LoftyLottie - You sound kind of like me, common sense says relax but all other senses are screaming as if violated!

jno - Your right, I do need to learn to trust him and he really isn't being all that secretive at all. I am nervous that he still has a relationship with someone else whom he has known far longer than me. I guess this feeling may pass with time and the more in-depth we get to know each other. He is married to me and he does come home to me every night - I guess I really should calm down. And at the end of the day - it is very civilized that they have worked out visitation rights for the dogs.

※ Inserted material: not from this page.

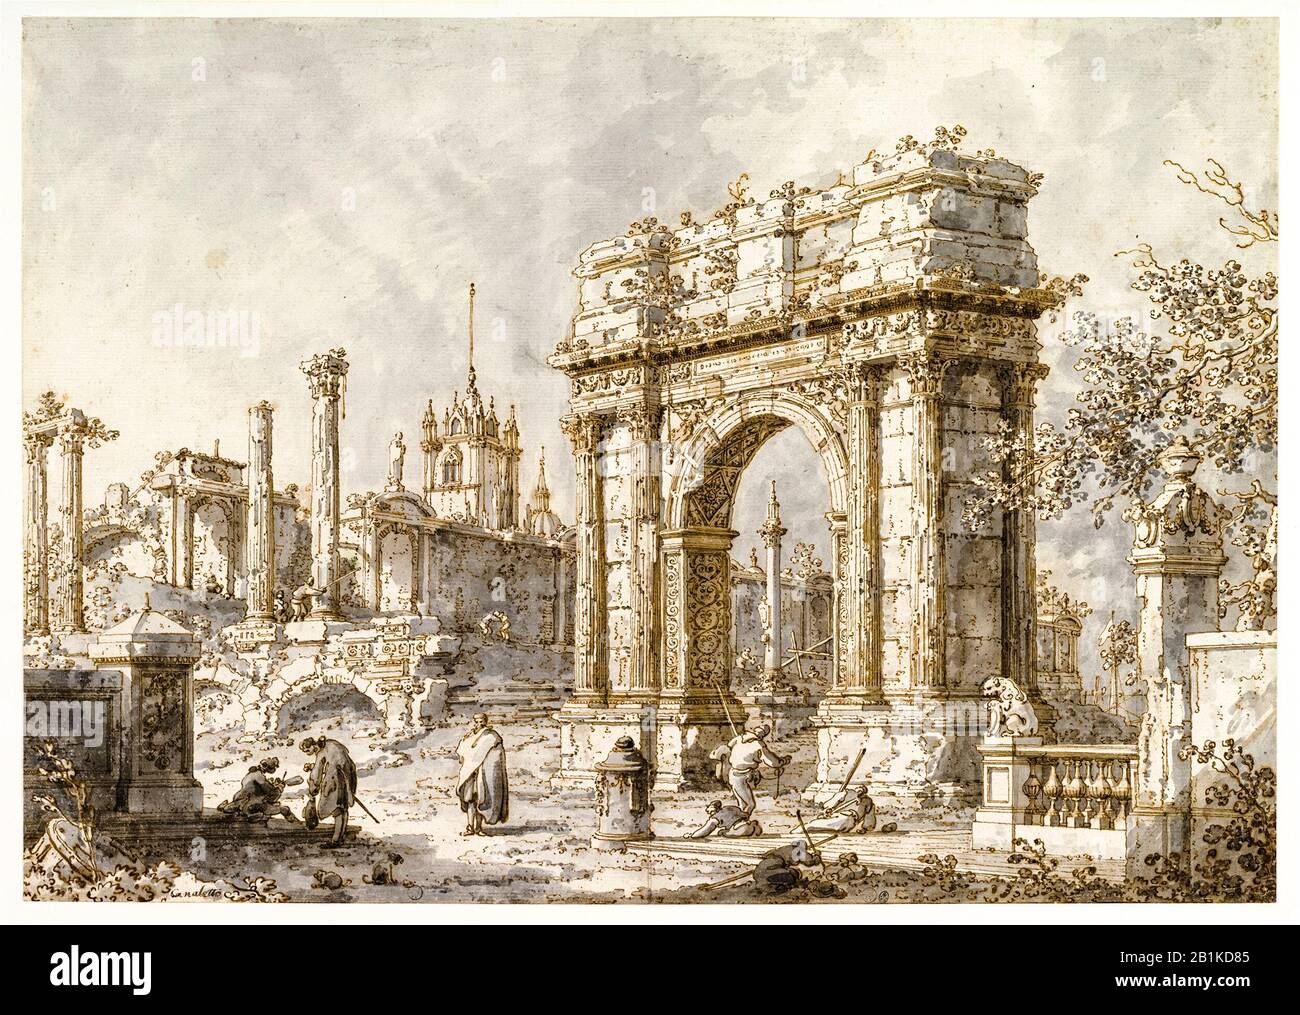 Canaletto, drawing, Capriccio with a Roman Triumphal Arch, 1720-1730 Stock Photo

Ray - Thank you - if he's going to 'get up to no good' with his ex or with anyone - he will do it whether I am suspicious of his every move or not. If I don't let go of my fears and just trust him there is no hope for us from the get-go.

craft1948 - When I read your message, I think, 'how silly of the new girlfriend/wife to be bothered by something so petty - if she trusts her man then she should have no qualms with it'. I'm such a hypochrite! I guess it's fear based, I guess I am scared that maybe he'll start to think the times he had with the ex-wife were better than what he has with me?? Oh I don't know. I guess I'll just have to let this pan out and try to keep a lid on my insecurities while at the same time keeping an eye on my husband??

Thanks to all of you, you've no idea how relieving it has been to get other people's opinions on this. I've been driving myself crazy with this. Playing devil's advocate with yourself is a real stress!